API search metamodel


#1

Hi,

I’ve got a few questions regarding some API endpoints listed here: http://docs.icgc.org/portal/api-endpoints/
The most interesting one is about search-queries syntax for the '/api/v1/download/submit’’ endpoint.
There’s an example in docs:

'$ http ‘https://dcc.icgc.org/api/v1/download/submit’ ‘filters=={“donor”:{“primarySite”:{“is”:[“Brain”]}}}’ ‘info==[{“key”:“ssm”,“value”:“TSV”}]’’

So the questions are:

  1. What is the full list of top-level (‘donor’ here) and second-level (‘primarySite’ here) attributes for search?
  2. Which operators are available apart form ‘is’?
  3. And generally speaking: is there available some metamodel containing all of the variations (keys and values, probably in the hierarchical form) which can be used for performing the search via this endpoint?
    And also: what about ‘info’ part of the query? I assume it has ‘key-value’ format, but where can be found the list of available keys (and values for them)?

Thanks.


#2

Hi Dmytro,

To attempt to answer your questions in one go:

We unfortunately do not have a meta-model or schema in a easily consumable form such as JSONSchema.

The JSON filters that you see in the query we refer to as JQL. JQL is just a JS friendly abstraction on top of the Portal Query Language (PQL). Every JQL filter passed to the search API is converted into a PQL query by our backend. https://github.com/icgc-dcc/dcc-portal/blob/develop/dcc-portal-pql/PQL.md

The package responsible for this is: https://github.com/icgc-dcc/dcc-portal/tree/develop/dcc-portal-server/src/main/java/org/icgc/dcc/portal/server/pql/convert

This subpackage contains the “model” for JQL as described in code: https://github.com/icgc-dcc/dcc-portal/tree/develop/dcc-portal-server/src/main/java/org/icgc/dcc/portal/server/pql/convert/model

For example you can see the possible operations here: https://github.com/icgc-dcc/dcc-portal/blob/develop/dcc-portal-server/src/main/java/org/icgc/dcc/portal/server/pql/convert/model/Operation.java#L34-L49

Since JQL is just an abstraction that sits on top of PQL, the PQL engine is responsible for defining the entity fields that are allowed to be searched on. Each searchable entity has a TypeModel within PQL that describes the searchable fields and how to map from friendly field aliases to raw elasticsearch fields. You can see those here: https://github.com/icgc-dcc/dcc-portal/tree/develop/dcc-portal-pql/src/main/java/org/dcc/portal/pql/meta

To Summarize
The meta-model for JQL is in the server/pql/convert package and the model itself is described in the pql/meta package. We hope to one day expose an endpoint that would allow power users to directly query the portal with PQL allowing for much more powerful and general queries.
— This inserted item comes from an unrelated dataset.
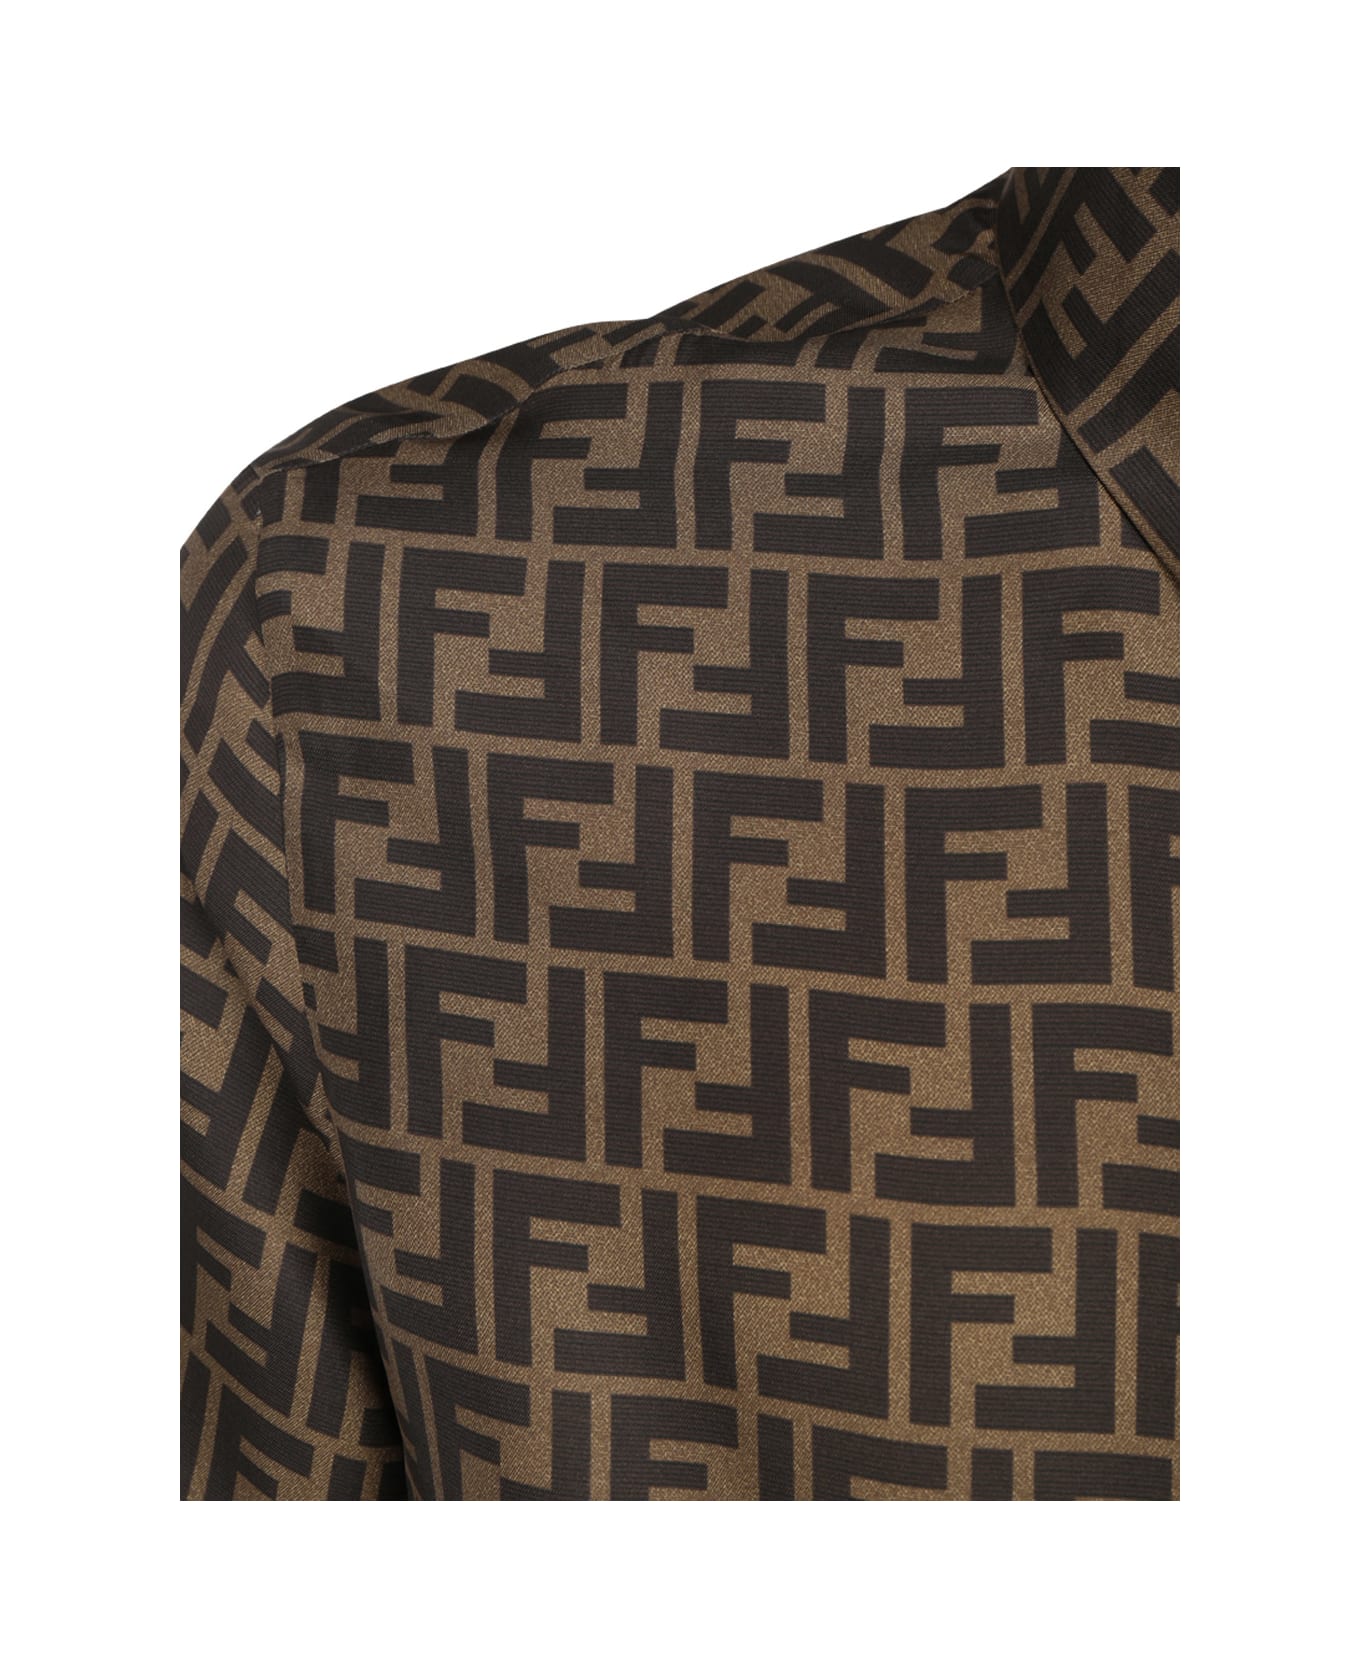 Fendi Ff Motif Short Sleeved Shirt - Fango/tabacco シャツ

Let me know if failed to clarify anything.


#3

Hi Dusan,

Sounds good, thanks!

So maybe there’s a Java API for performing search over ICGC data instead of calling REST API? :slight_smile:


#4

At the moment there is nothing published by us but I know others have written their own for interacting with our REST API.

I think last time I searched github I saw Javascript and Python libraries publicly available and from our logs we know people are using these languages in addition to some others like R to directly query our data.